# Sales pitch, or the truth?



## USMCshamusmom (May 23, 2004)

saw an ad for a half shetland/ half welsh colt on a horse sales website today, and the seller said the pony will be eligible for registration in the new half shetland registry that aspc is setting up. Truth, or half truth, or outright scam to get the colt sold? Inquiring minds want to know! He is not referring to the ASPR is he? or is he? Somebody please enlighten me!


----------



## spazkat (May 24, 2004)

As far as I know, yes they are setting up a registry for all ponies that are either half hshetalnd, half mini, or half ASPR. But.... it is only to be a registry service. They will provide papers for them (like a sport pony registry) but a this time have no plans to provide shows for them or anything.


----------



## USMCshamusmom (May 24, 2004)

Thanks Spaz, I thought someone woul know.... hmmmmmm......


----------



## Lisa-Ruff N Tuff Minis (May 24, 2004)

Is it that this will be great for those that want the ASPC/AMHR cross to have reg stock or show parantage until such time as horses can be hardshipped in? at least that is what i was told


----------



## Karen S (May 25, 2004)

Hi USMCshamusmom,

Yes, the new National Show Pony Registry is a real thing that should be up and running the first of 2005. This is a new sport pony registry that will hold registration papers only. This is for ponies 14.2 and under. The main qualification is that this pony must have one parent registered with the ASPC/AMHR/ASPR and the other parent can be from a registered parent from another registry ie..Quarter Horse, Welsh, Paint, Morgan etc. or that second parent can be a grade horse.

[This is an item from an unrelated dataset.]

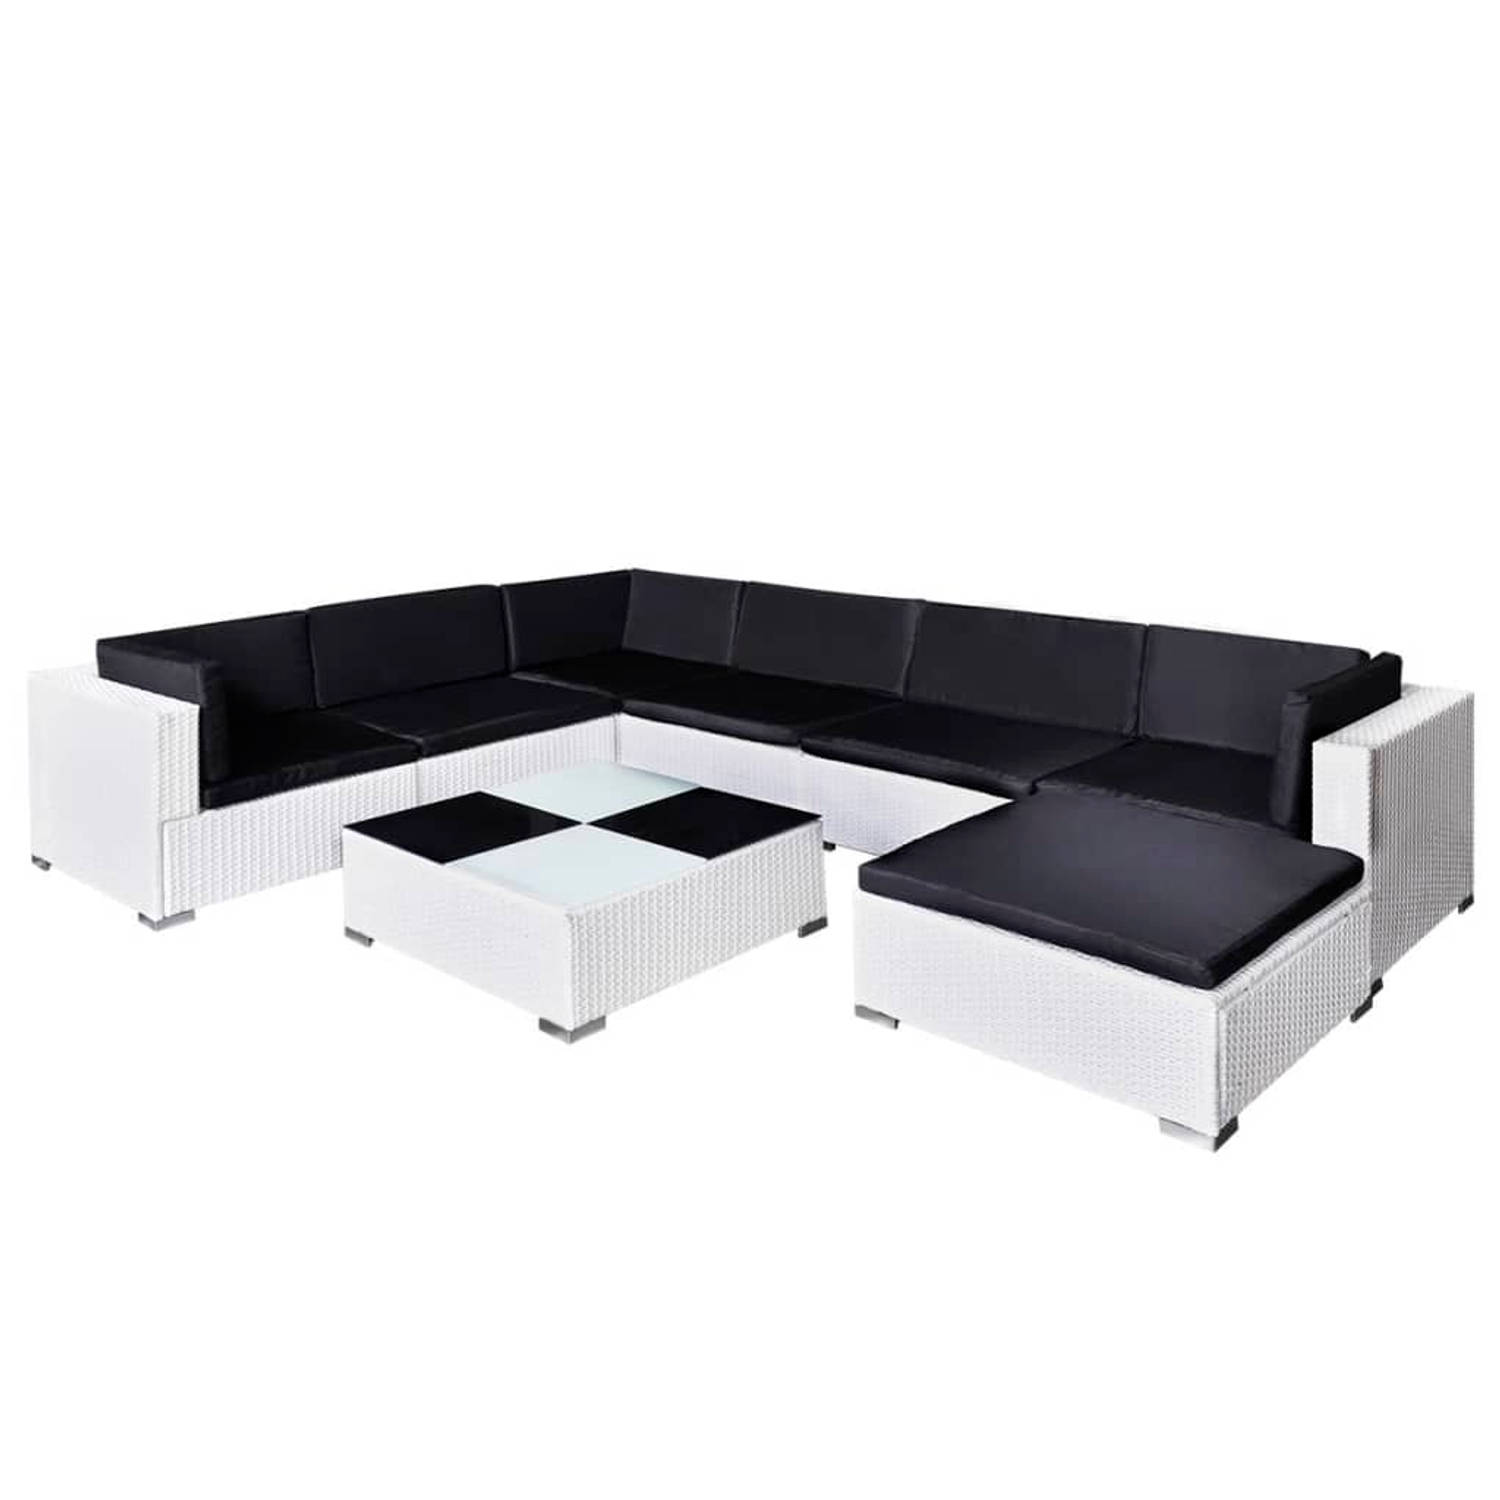 The Living Store-8-delige-Loungeset-met-kussens-poly-rattan-wit - Tuinset

This all came about when a group of people contacted the registry about helping them with these type of ponies. They needed someone to handle their paperwork for them. At this time NO SHOWS are in the plan. I'm also looking into purchasing a nice Quarter Horse mare to breed to my Shetland stallion to produce a nice riding horse for myself. This is where the market is going and I think it's great that the ASPC/AMHR/ASPR is opening another door to help promote our Miniatures & Shetlands. Watch your Journal for additional details. After convention we will probably will know more.

If you have any questions concerning this you can contact Tom Demry director for Area 3 as he was the one that presented the information to the Board of Directors at convention last year. His phone #352-498-4203.

Karen Shaw

Fiddlestix Miniatures & Shetlands

Burleson Texas


----------